Sunitinib in Treating Patients With Relapsed or Refractory Diffuse or Mediastinal Large B-Cell Lymphoma

Status:
Completed
Trial end date:
2012-01-01
Target enrollment:
0
Participant gender:
All
Summary
This phase II trial is studying how well sunitinib works in treating patients with relapsed or refractory diffuse or mediastinal large B-cell lymphoma.
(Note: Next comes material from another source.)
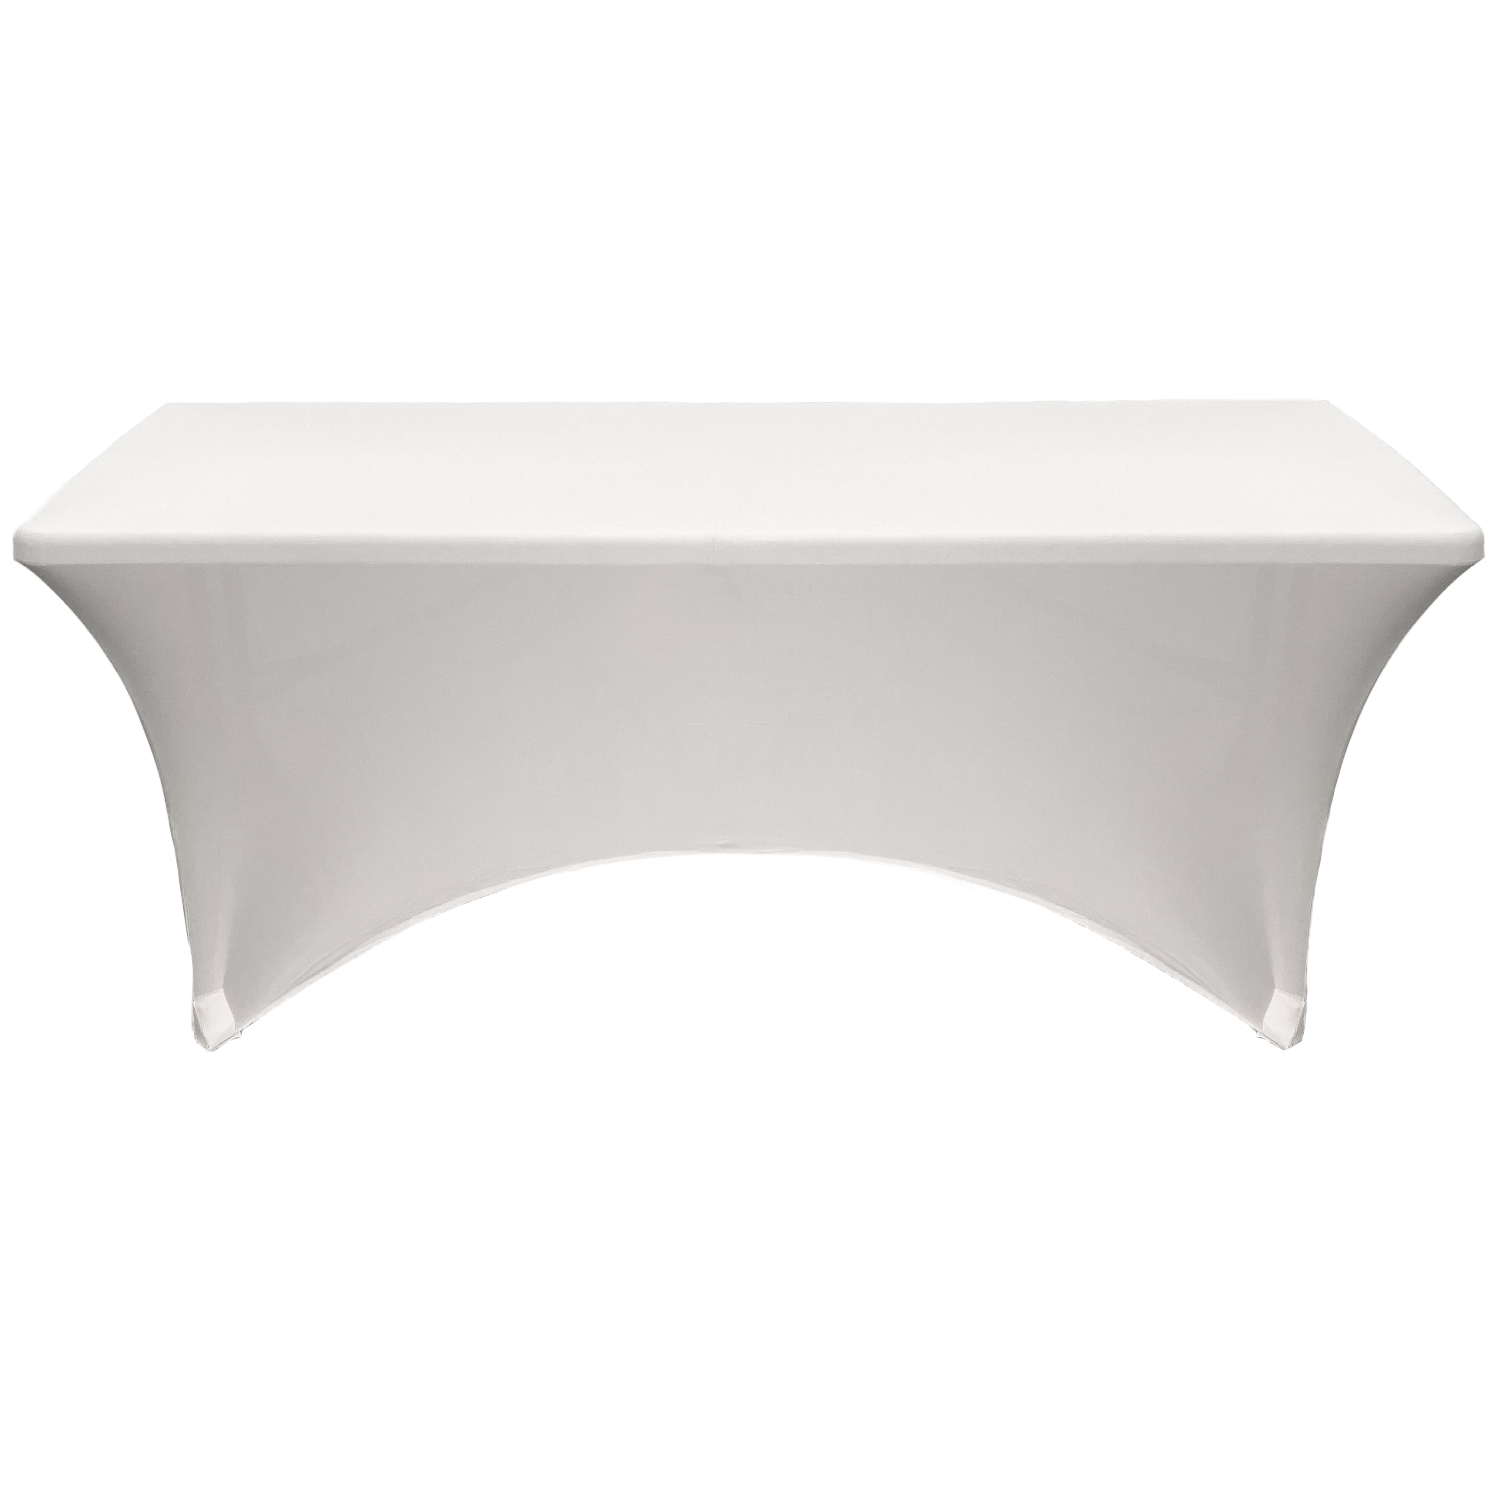 Your Chair Covers - Stretch Spandex 5 ft Rectangular Table Cover White for Wedding, Party, Birthday, Patio, etc. - image 2 of 3

Sunitinib may stop the growth of cancer cells by blocking some of the enzymes needed for cell growth and by blocking blood flow to the cancer.
Phase:
Phase 2
Accepts Healthy Volunteers?
No
Details
Lead Sponsor:
National Cancer Institute (NCI)
Treatments:
Sunitinib
Criteria
Criteria:

- Histologically confirmed diffuse or mediastinal large B-cell lymphoma*, meeting the
following criteria: Advanced or metastatic disease, Incurable by standard therapies,
Relapsed or refractory disease [Note: *Patients with diffuse large B-cell lymphoma
whose disease has transformed from an earlier diagnosis of low grade lymphoma (i.e.,
an indolent histology) are eligible]

- Bidimensionally measurable disease** by CT scan, MRI, or physical exam, with >= 1
disease site meeting 1 of the following criteria: Lymph nodes >= 1.5 cm x 1.5 cm by
spiral CT scan, Non-nodal regions >= 1 cm x 1 cm by MRI, CT scan, or physical exam
[Note: **Bone lesions are not considered bidimensionally measurable disease]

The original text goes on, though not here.